--- Data below Enclosed Below ---
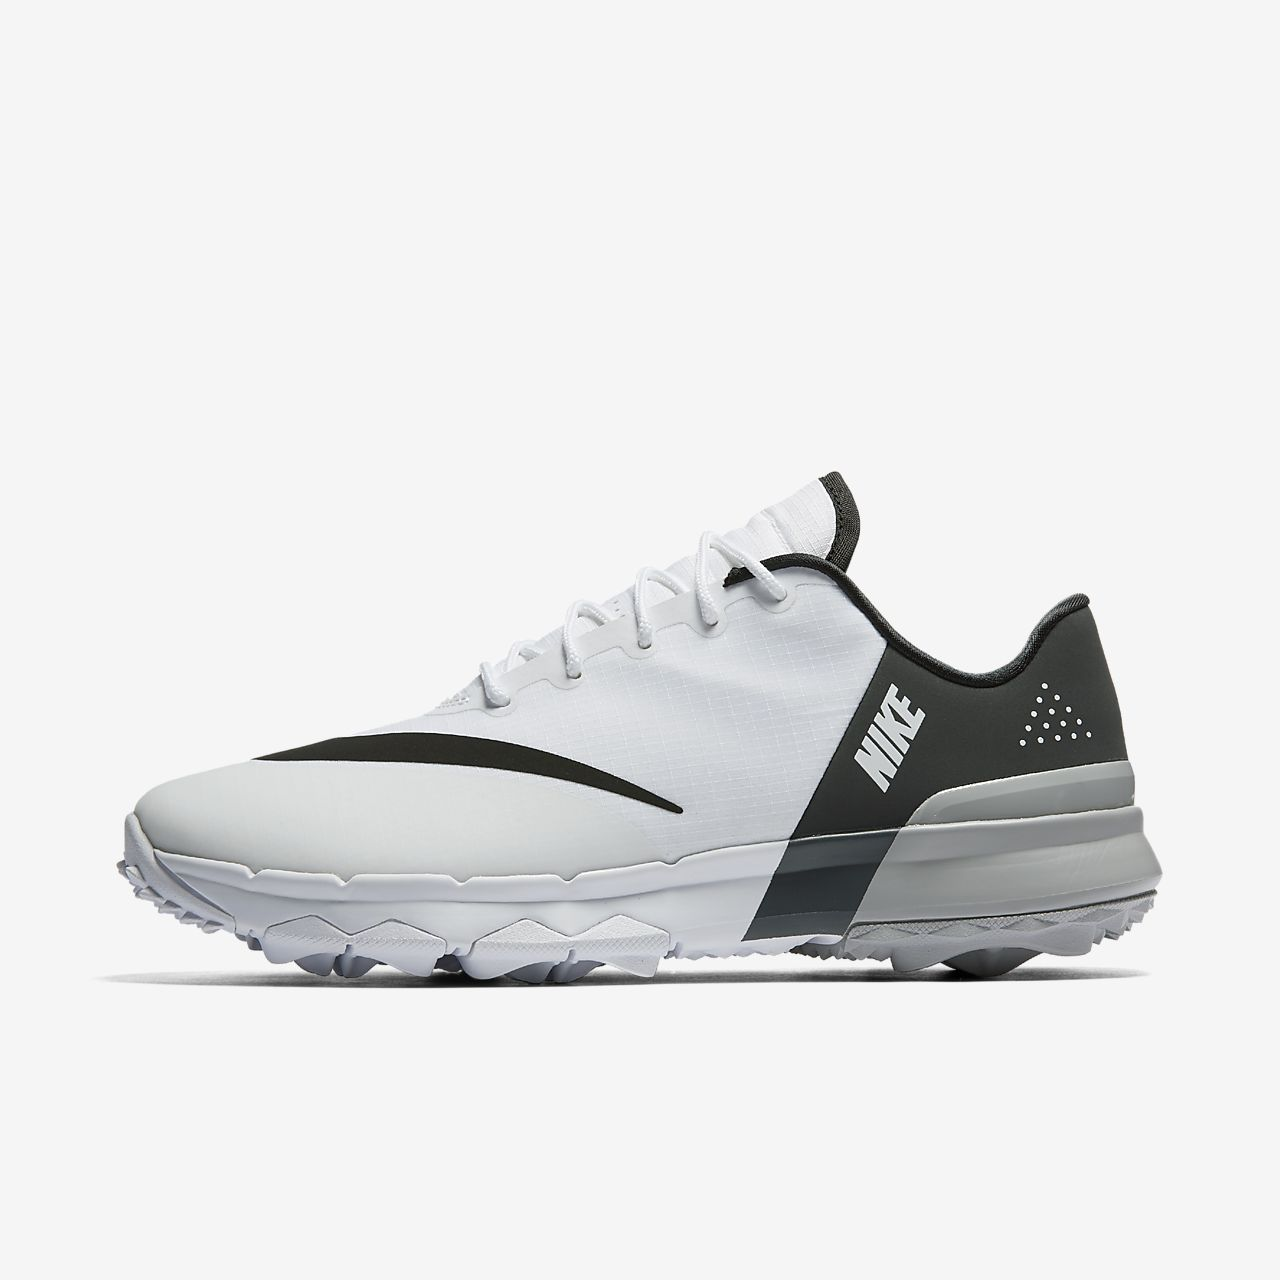 Nike FI Flex Mens Golf Shoe Black/White-Anthracite 12
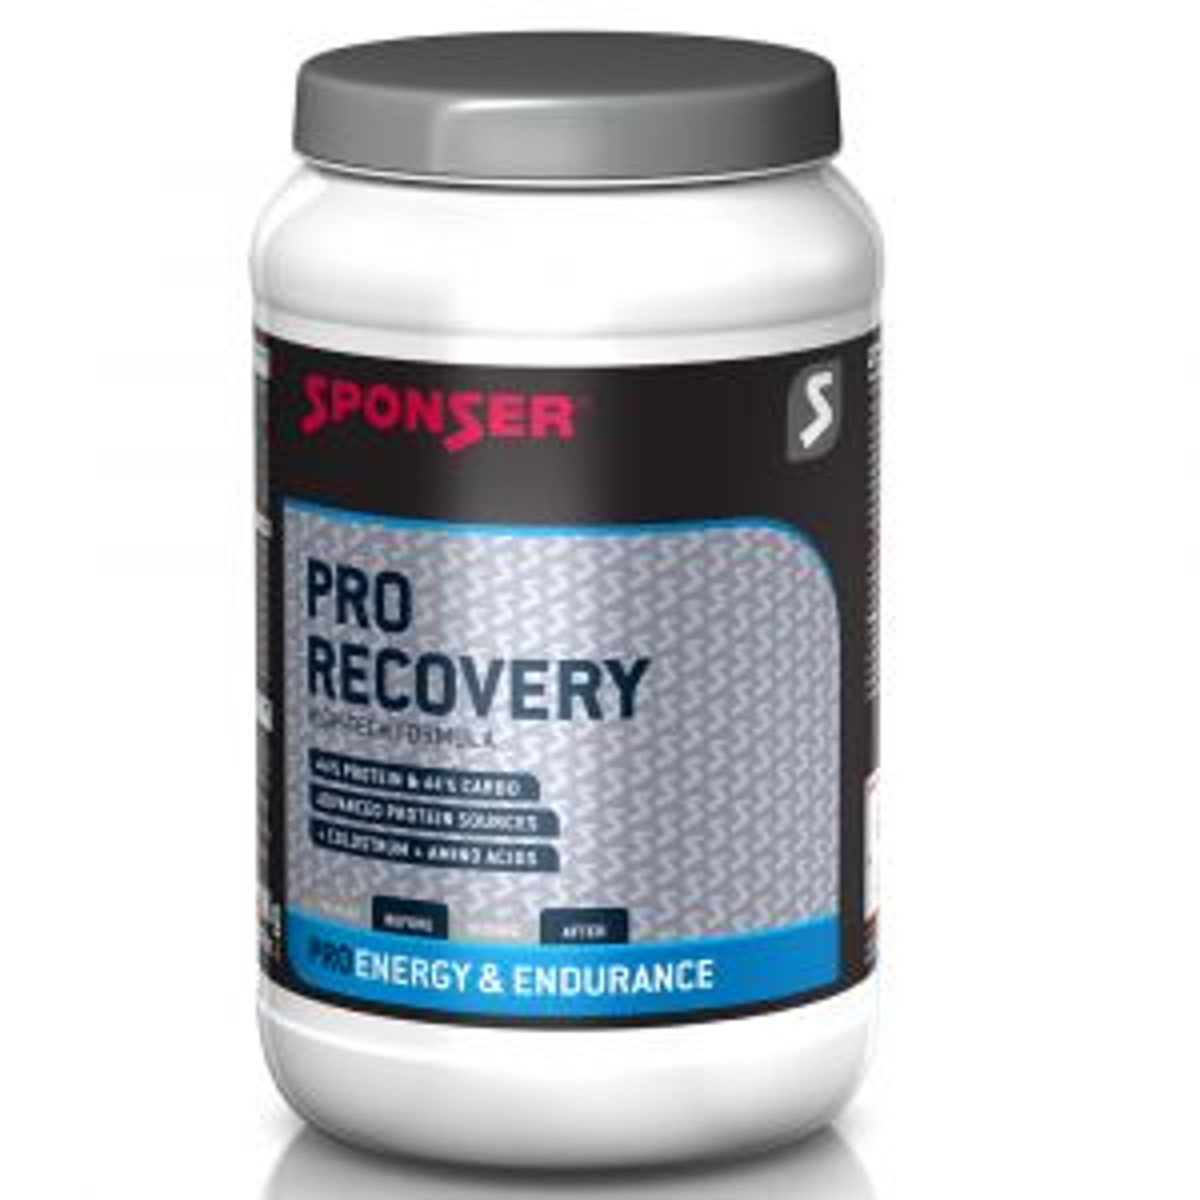 44/44 Pro Recovery Regenerationsdrink 800g Mango - Mindesthaltbarkeitsdatum 11/2022
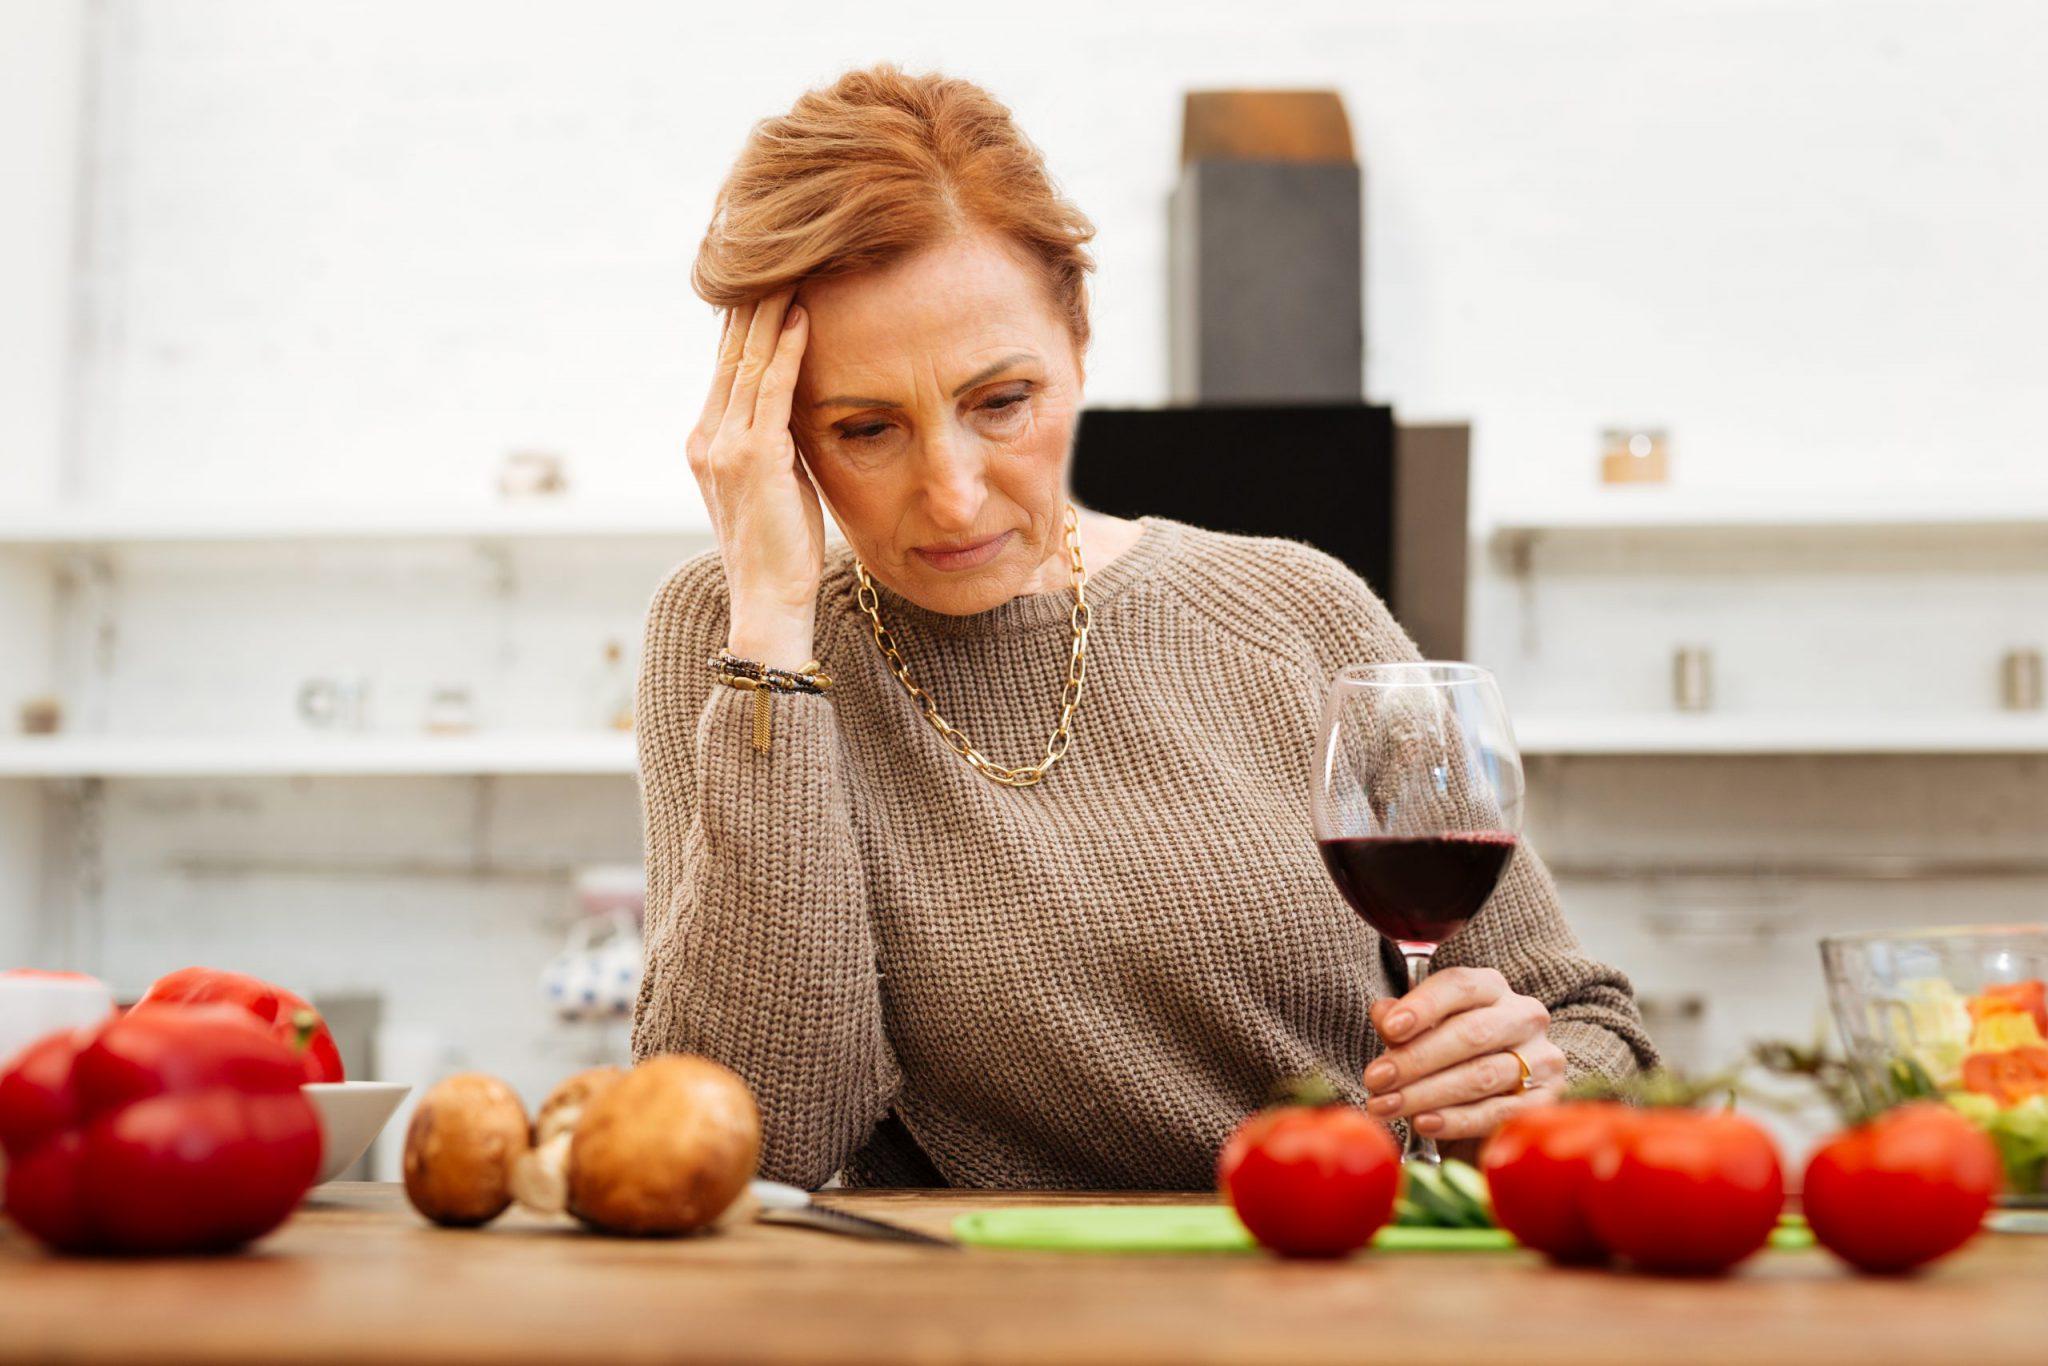 Rethinking Drinking: Should I Cut Back or Quit?
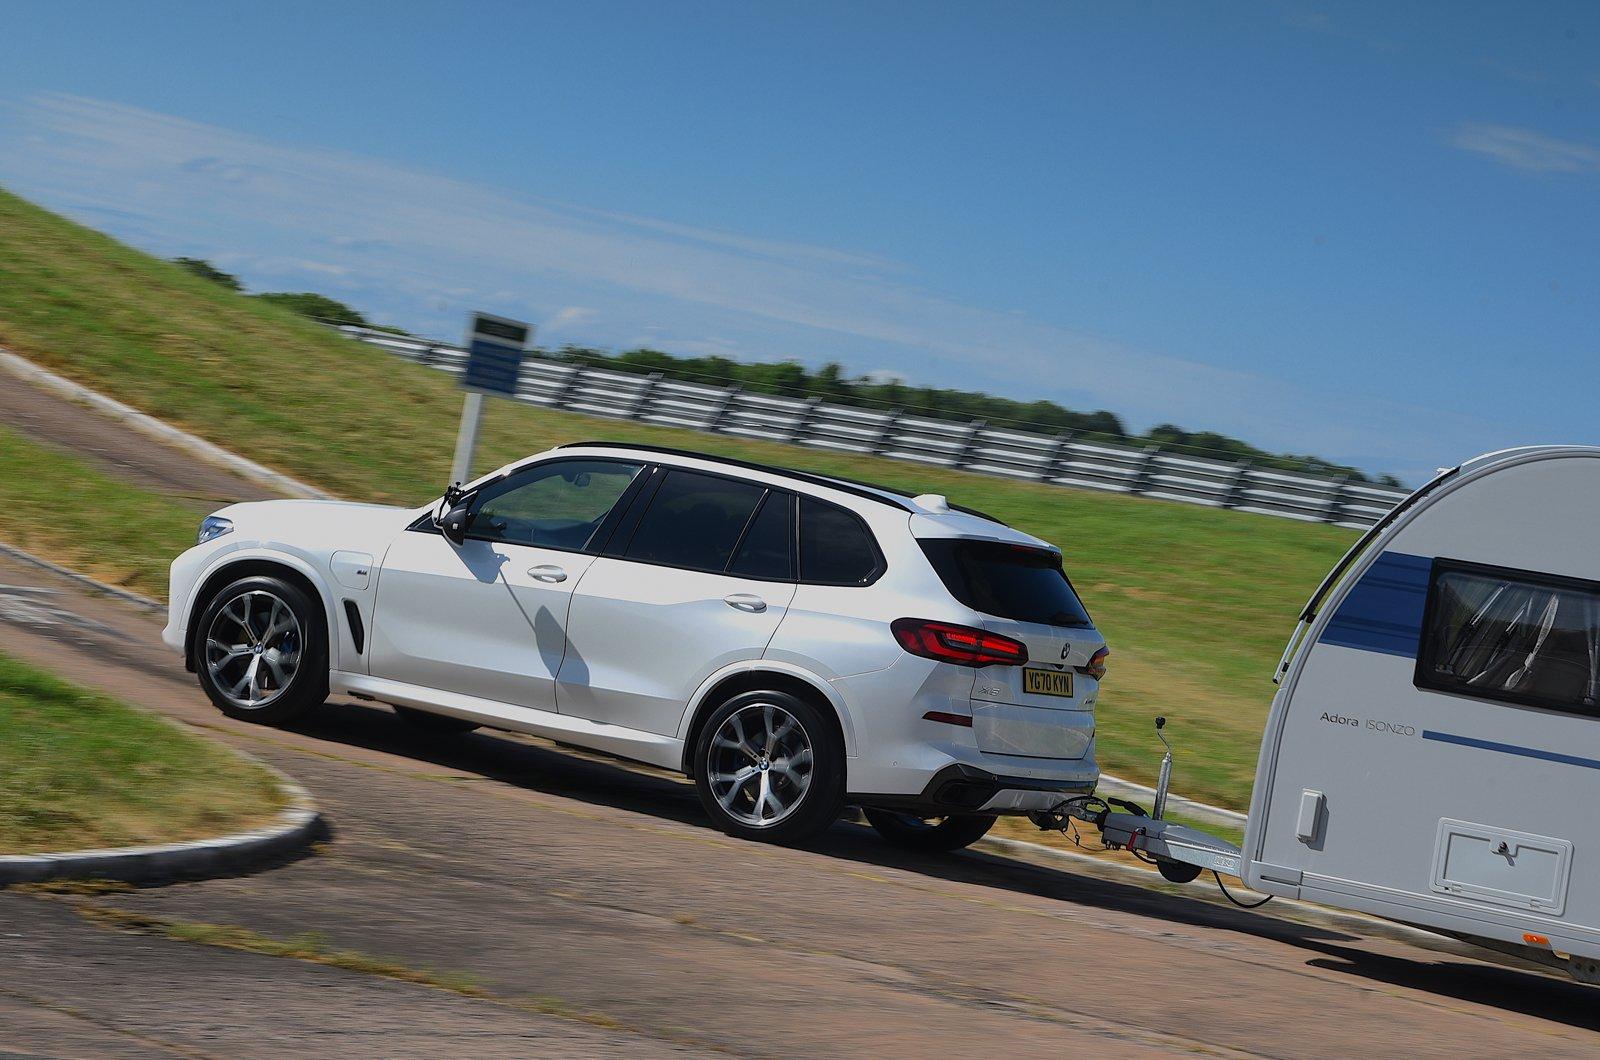 BMW X5 towing a caravan - rear
--- End of Enclosed Data below ---
**Task description:**
Everything in the listing, except its images, should be set down exactly.

**Response to the task:**
 Nike FI Flex Mens Golf Shoe Black/White-Anthracite 12
 44/44 Pro Recovery Regenerationsdrink 800g Mango - Mindesthaltbarkeitsdatum 11/2022
 Rethinking Drinking: Should I Cut Back or Quit?
 BMW X5 towing a caravan - rear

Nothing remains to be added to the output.